If the media had not continuously questioned the safety of the vaccine, there would be no concern on the part of the public about it. Had the media — both TV and print — not created this hysteria, people would have simply waited until the vaccine was available and gotten the H1N1 vaccine.
No crisis, no problem. I understand that with hundreds of news media outlets there is a constant search for news. But toying with people’s health and peace of mind just for “the story” is just plain wrong.
Steve Alexander
Raytown
Help seniors with home buyer tax credit
Thinking outside the box, it would follow that if President Obama’s first time home buyer program of a tax credit of $8,000 has been good for the economy, why not allow the same credit to seniors who now must downsize to smaller homes?
Many seniors who have helped carry the economy during good times never would have dreamed of the government giving them an $8,000 tax credit for their first home purchase. Since the economic meltdown, many seniors have seen the value of their home drop along with a huge drop in their retirement saving plans, making it difficult for them to downsize.
Ed “Gomer” Moody
Kansas City
Whining for Obama?
It is so unfair that President Barack Obama could not start his presidency with a clean slate.
President George W. Bush inherited a recession; critical financial deregulation by President Bill Clinton in 1999; intelligence organizations that were not allowed to talk to each other; Saddam Hussein, who had ignored 15 U.N. resolutions and had convinced intelligence agencies worldwide that Iraq had weapons of mass destruction; al-Qaida, which had grown unfettered during the 1990s; al-Qaida, which had attacked the U.S. throughout the 1990s; an al-Qaida with all the plans and players in place for 9-11; a Clinton economy built on “irrational exuberance,” according to Alan Greenspan; and a dot com bubble, which had burst in early 2000.
Jim Kilen
Kansas City
No death panels
While reading “Horrors!

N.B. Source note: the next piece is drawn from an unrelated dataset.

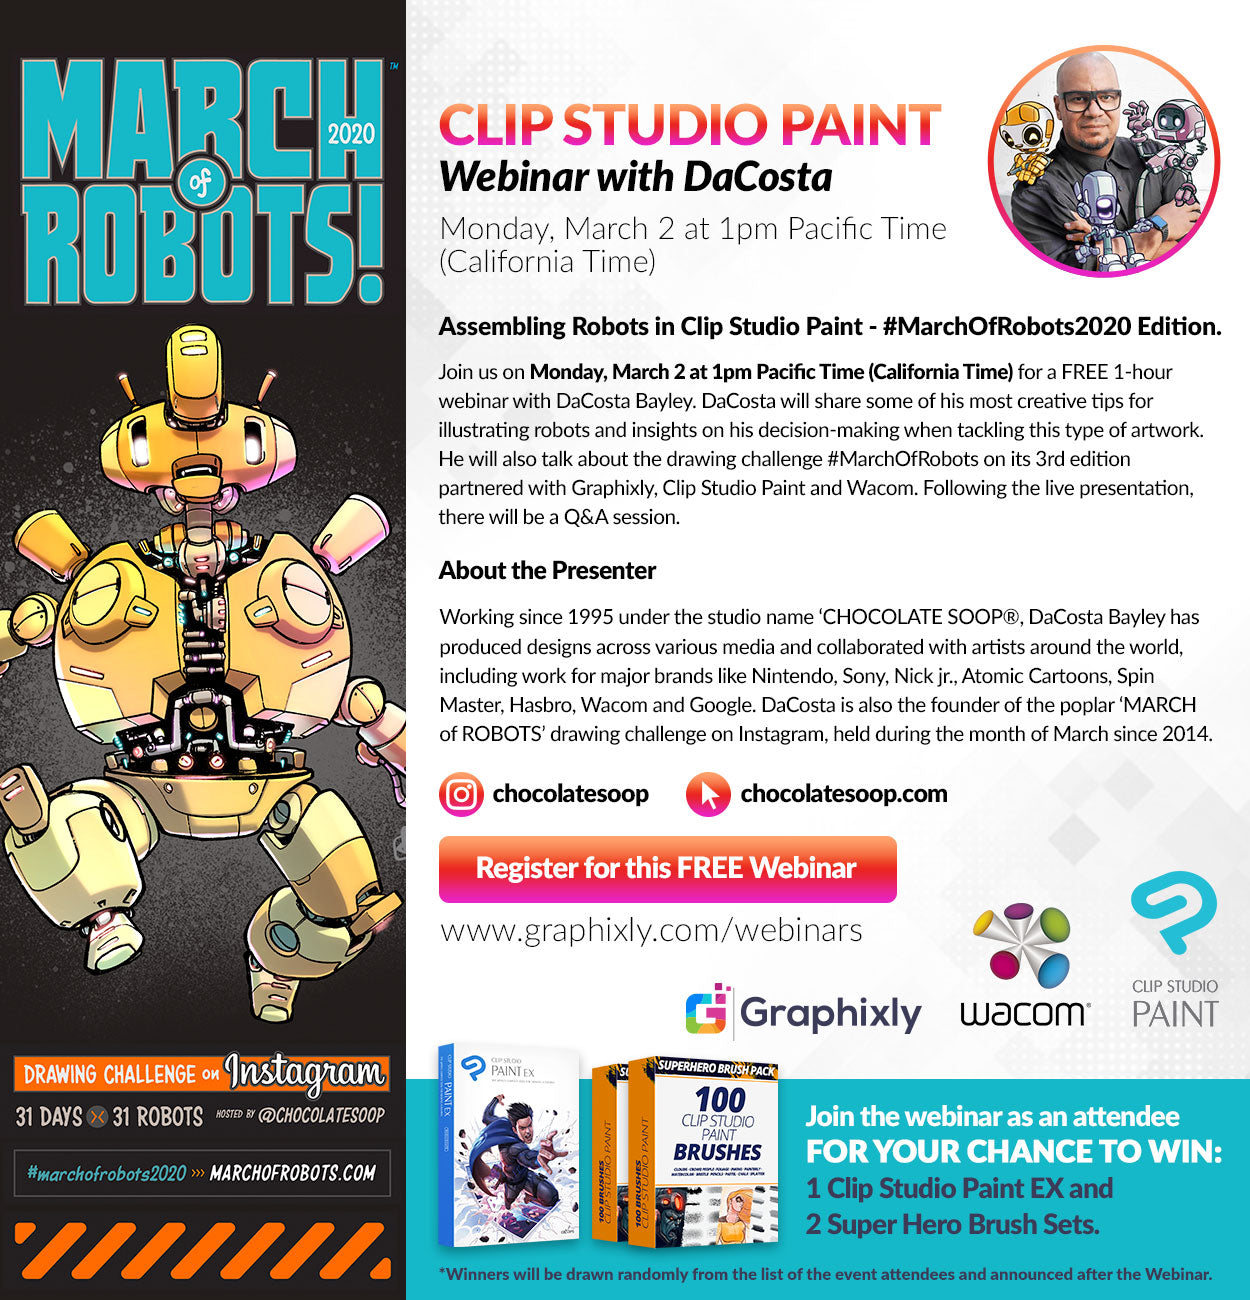 Webinar - Assembling Robots in Clip Studio Paint - #MarchOfRobots2020 Edition

What’s really scary this Halloween,” (10/31, Editorial) in particular, the submission from Danette Gamble, I was reminded of the Dickens classic, “A Christmas Story.”
When Scrooge sees two starving children under the spirit’s robe, the phantom says, “This boy is Ignorance. This girl is Want. Beware them both … but most of all beware this boy.”
Ignorance: that is the scariest thing haunting our nation this hallowed season. Shame on Danette Gamble, who in her position of responsibility as an Editorial Board Reader Adviser displayed her own brand of ignorance by continuing to perpetuate the lie that death panels will be included in health care reform. And shame on the editors of this paper for not rebutting that lie so we can put it to rest.
Bernadine Kline
Liberty
Unbelievable story
What if a writer in 2000 had offered a publisher a novel that dramatized:
•The destruction of the Twin Towers by terrorists in airplanes.
•A retaliatory U.S. attack on Afghanistan.
•A U.S. invasion of Iraq, the terrible suffering of Iraqis in a long civil war.